Newton has had a secretive past, conducts business in an eccentric way, but is diligently trying to do justice to the wishes of both him and Smith, and to us the shareholders.
Therein lies the crunch. It doesn't matter how big rcc holdings becomes, or how successful rcc/iws performs, from an investor's standpoint, if the stock becoms too diluted, then it becomes an unsuccessful investment.
Newton says he has not sold shares to retail, used them only for making deals, and that shorters have sold so-called phantom shares.
If one believes Newton, as I do, then one supports his efforts here. If one does not believe Newton, I really don't see why that person is even here, except for that altruist who simply can't help himself.
I make exception for that investor who once was enthusiastic about rcch but has through his own due diligence turns a now-jaundiced eye toward educating current investors and newbie potential investors to his findings.
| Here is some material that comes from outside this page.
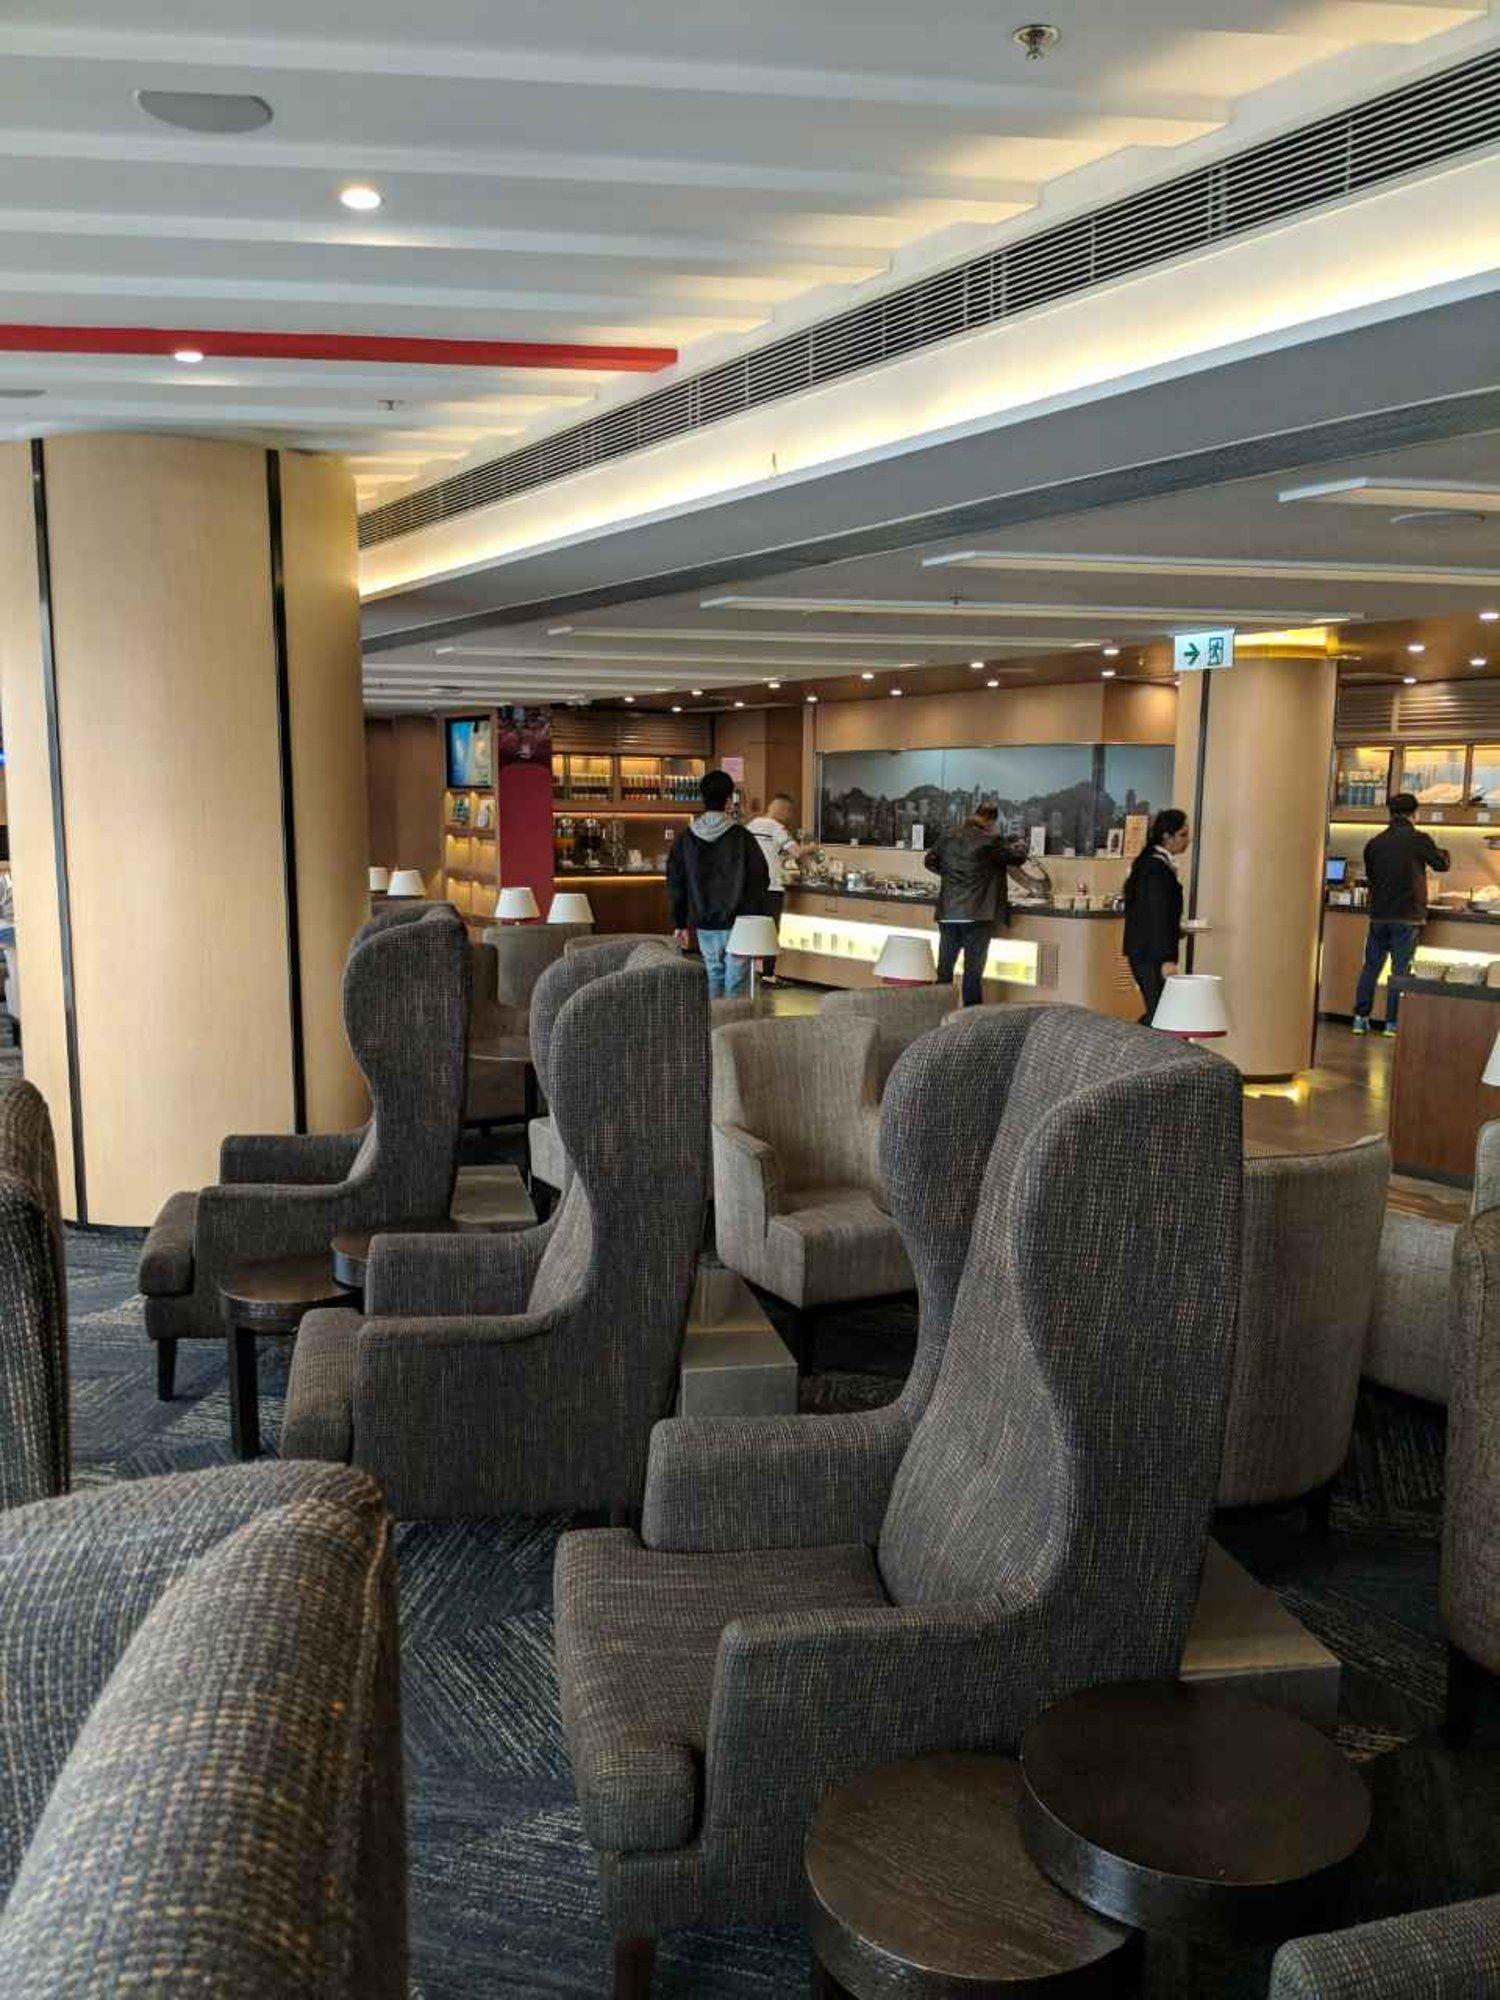 Hong Kong Airlines VIP Lounge (Club Bauhinia) image 13 of 40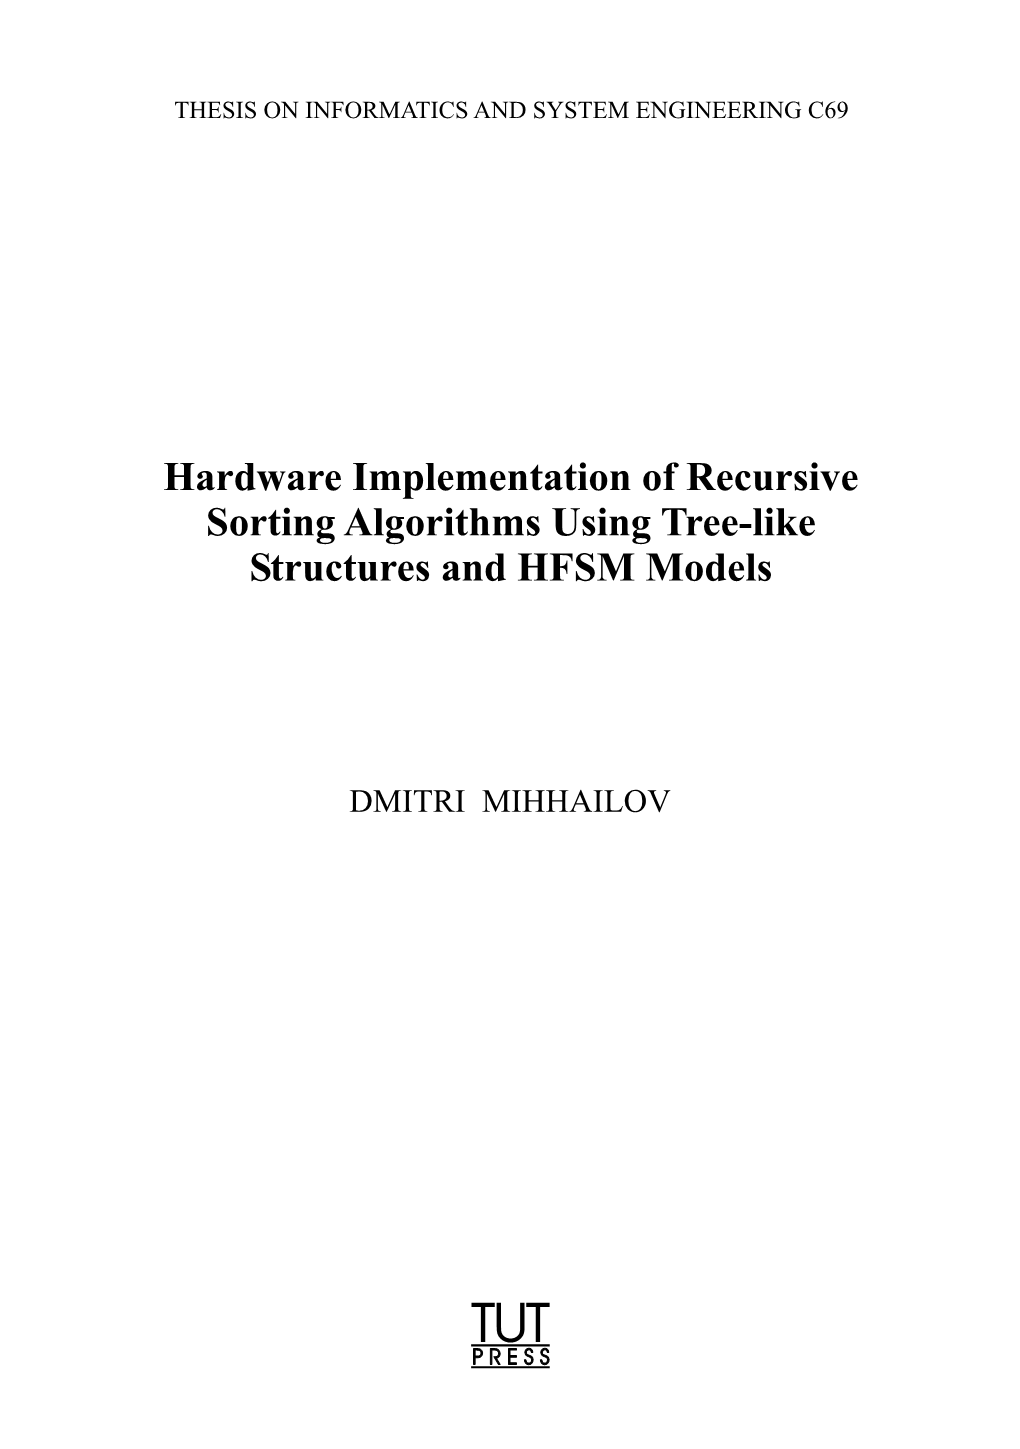 Hardware Implementation of Recursive Sorting Algorithms Using Tree-Like Structures and HFSM Models

He belongs here as much as those of us do who haven't lost our enthusiasm.
RCCH is a gamble, as are all penny investments. But this country needs new small companies to create employment, and new wastewater treatment companies to meet the damand of the future.
I will continue to support it, knowing full well the gamble I'm taking financially.
There will be others who continue to pour negative energy onto this board. It is the easiest thing in the world to do.
Thank you again Worktoplay, it good to see you haven't lost your ability to use the English language as well as anyone I've met on these boards.